Russian economist (born 1957)

Aleksander Borisovich Totoonov (Александр Борисович Тотоонов; born on 3 April 1957), is a Russian politician who had served as the member of the Federation Council - a representative from the legislative authority of the Republic of North Ossetia–Alania.

==Biography==

Aleksandr Totoonov was born on 3 April 1957, in the city of Ordzhonikidze (present-day Vladikavkaz) of the North Ossetian Autonomous Soviet Socialist Republic in the Soviet Union. He graduated from the philological faculty of the North Ossetian State University and postgraduate studies at Moscow State University. He is a candidate in Economic Sciences, for dissertation research on the topic "Organizational and economic mechanism for the implementation of privatization in the Russian Federation").

After graduation, he worked in the Komsomol, party and Soviet bodies of the republic - he headed the city Komsomol organization of the city of Ordzhonikidze, was the executive secretary-deputy editor of the newspaper "Young Communist", headed the culture department of the Ordzhonikidze City Council, was repeatedly elected a deputy of the district and city councils of the Vladikavkaz people's deputies.

Since 1991, he worked in private business.

In 2005, Totoonov was appointed Deputy Chairman of the Government of the Republic of North Ossetia - Alania, and was the Plenipotentiary Representative of the Republic. During his work as the Plenipotentiary Representative, Totoonov organized numerous working trips and visits of members of the Russian Government to the republic in order to familiarize them in detail with the economic potential of North Ossetia, to solve specific problems associated with its socio-economic development.

Largely thanks Totoonov's efforts, in 2007, an agreement of friendship and cooperation was concluded between North Ossetia and the Chinese province of Sichuan.

In 2010, on Totoonov's initiative, the Council of Heads of Representative Offices of the North Caucasus Federal District began its activities.
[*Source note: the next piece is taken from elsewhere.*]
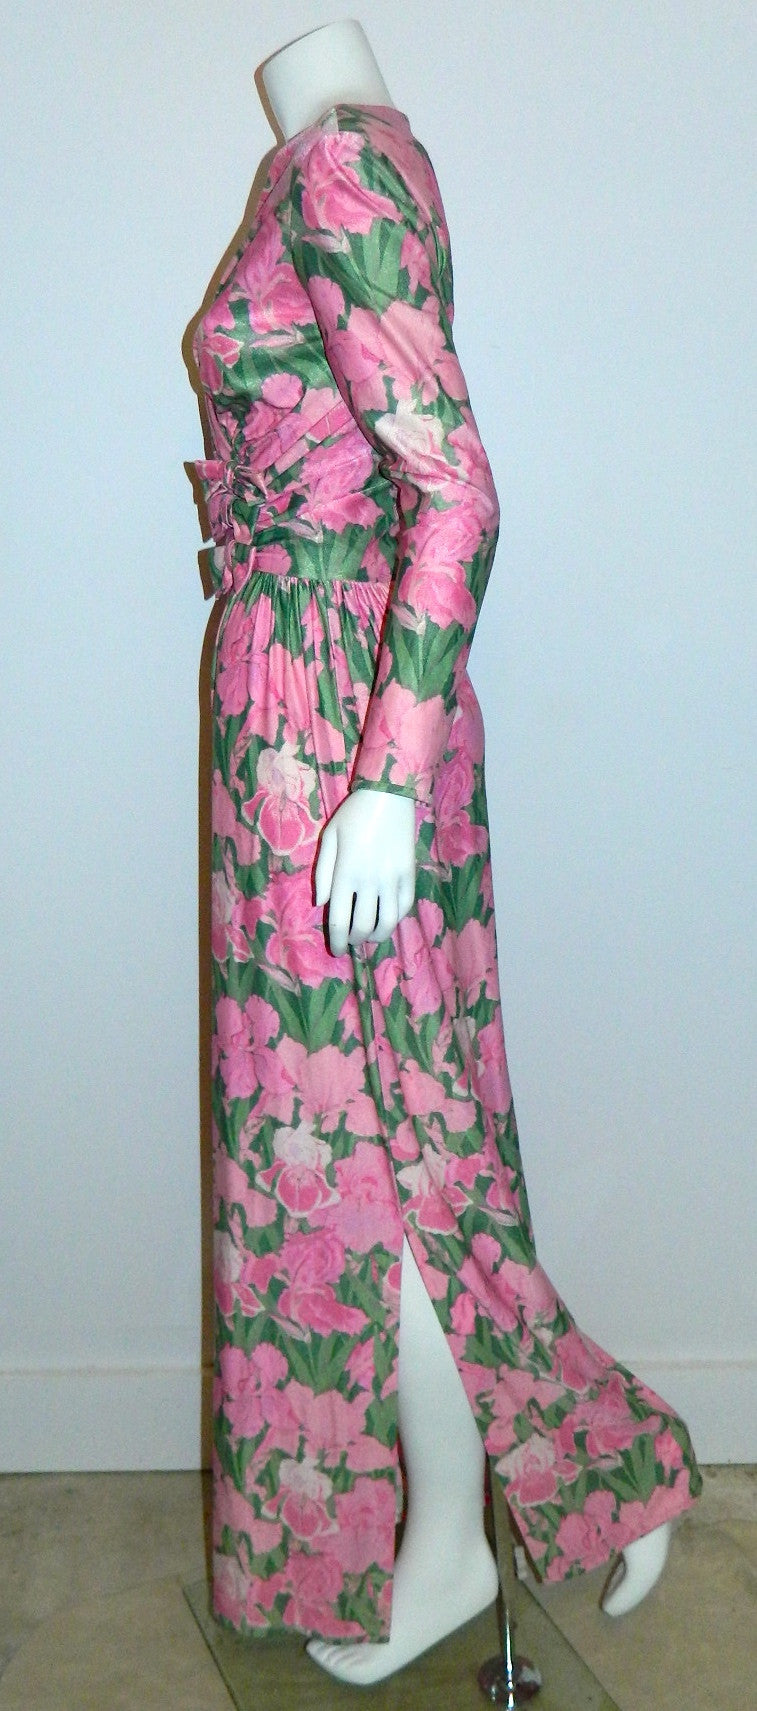 vintage 1970s Iris print dress Robert- David Morton maxi gown S
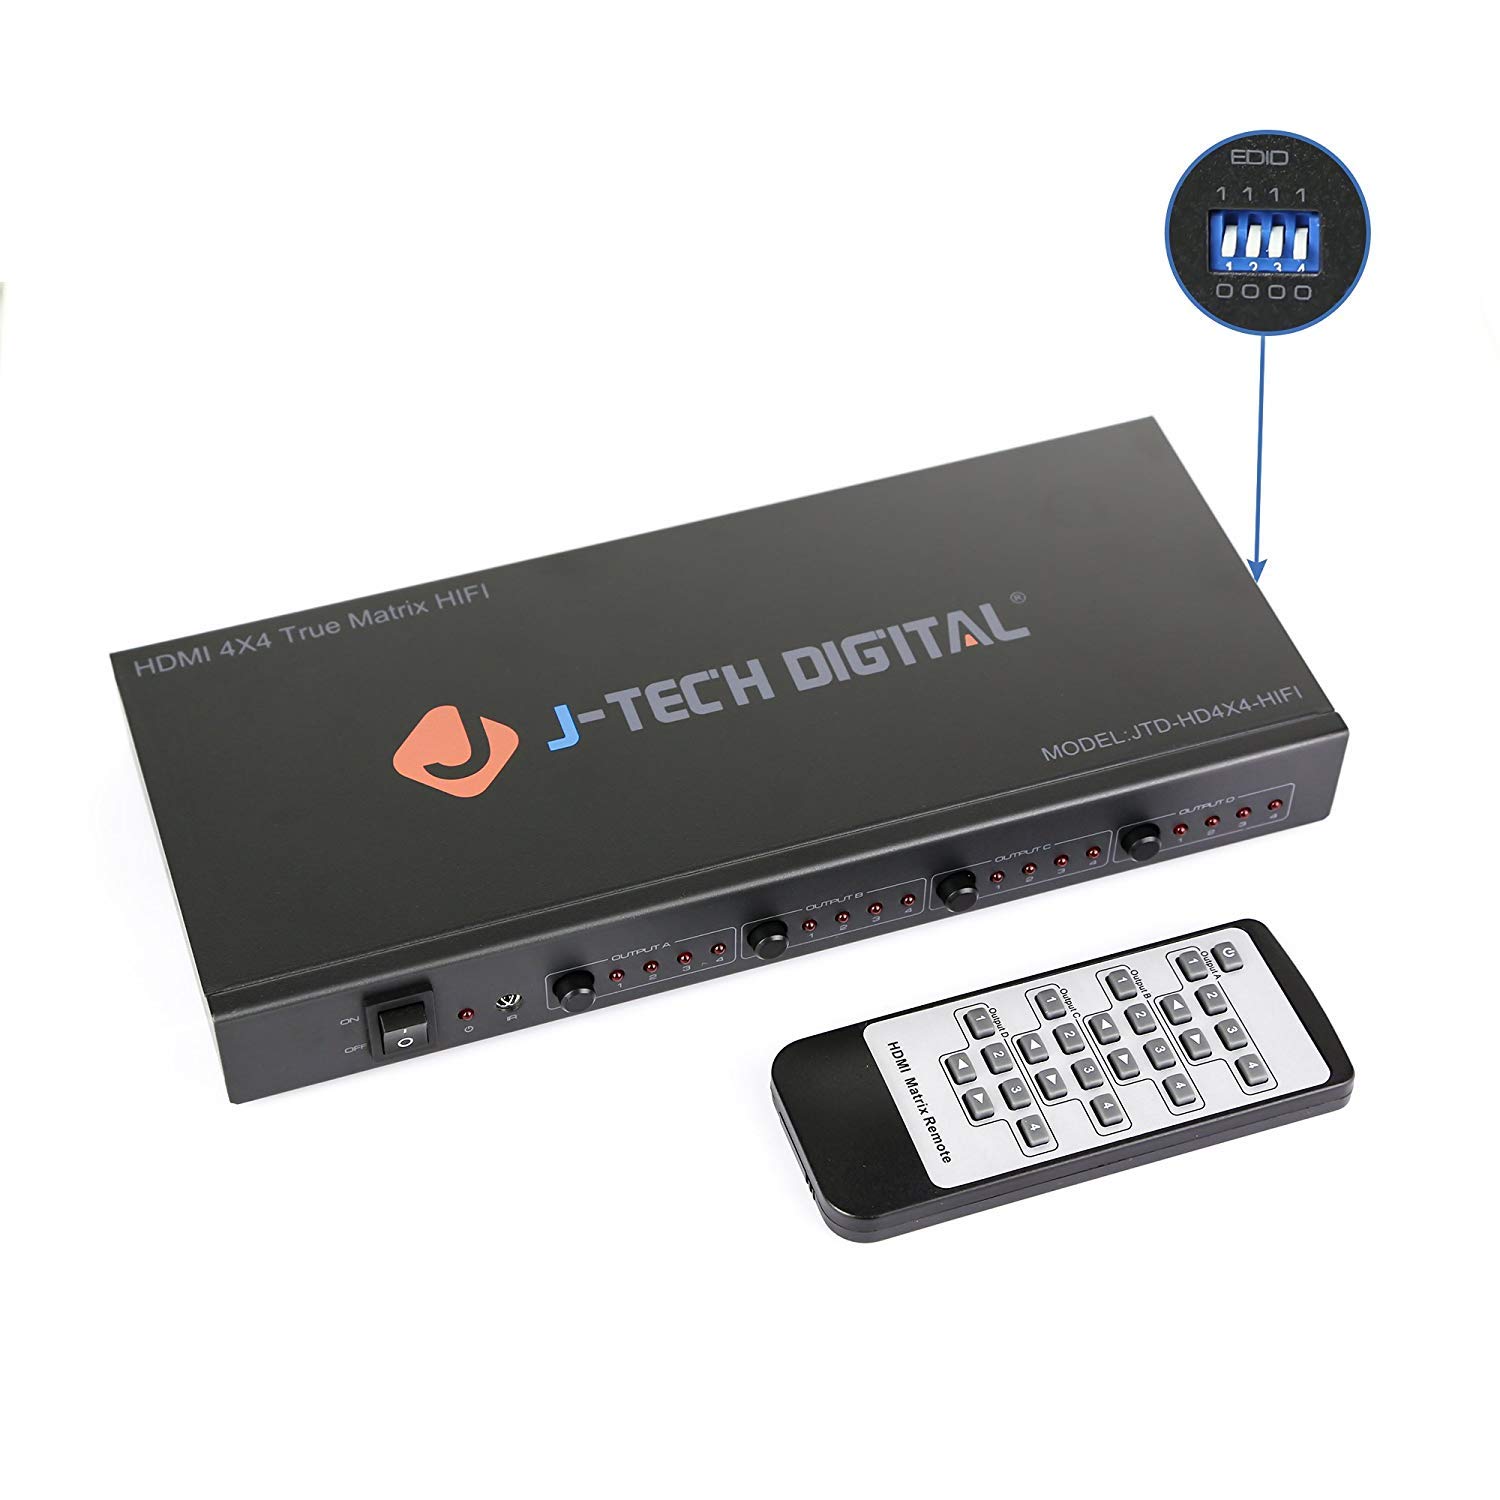 tooth Tremendous Professor HDMI 4X4 Matrix 4K@30Hz Control4 Driver Available - J-Tech Digital

With his direct participation, the implementation of the largest projects in the North Caucasus has begun - the construction of the Caucasian Musical and Cultural Center of V.A.Gergiev, a cascade of small power plants on the river Urukh in the Digor gorge, the Mamison ski complex.

In October 2012, Totoonov has been a deputy of the Meeting of Representatives of the city of Vladikavkaz from the United Russia party.

On 28 November 2012, Totoonov was elected as member of the Federation Council - a representative from the legislative authority of the Republic of North Ossetia-Alania.

=== Sanctions ===

He was sanctioned by the UK government in 2022 in relation to the Russo-Ukrainian War.

==Labor activity==

Totoonov is known as the initiator, organizer and active participant of many large socially significant and charitable projects.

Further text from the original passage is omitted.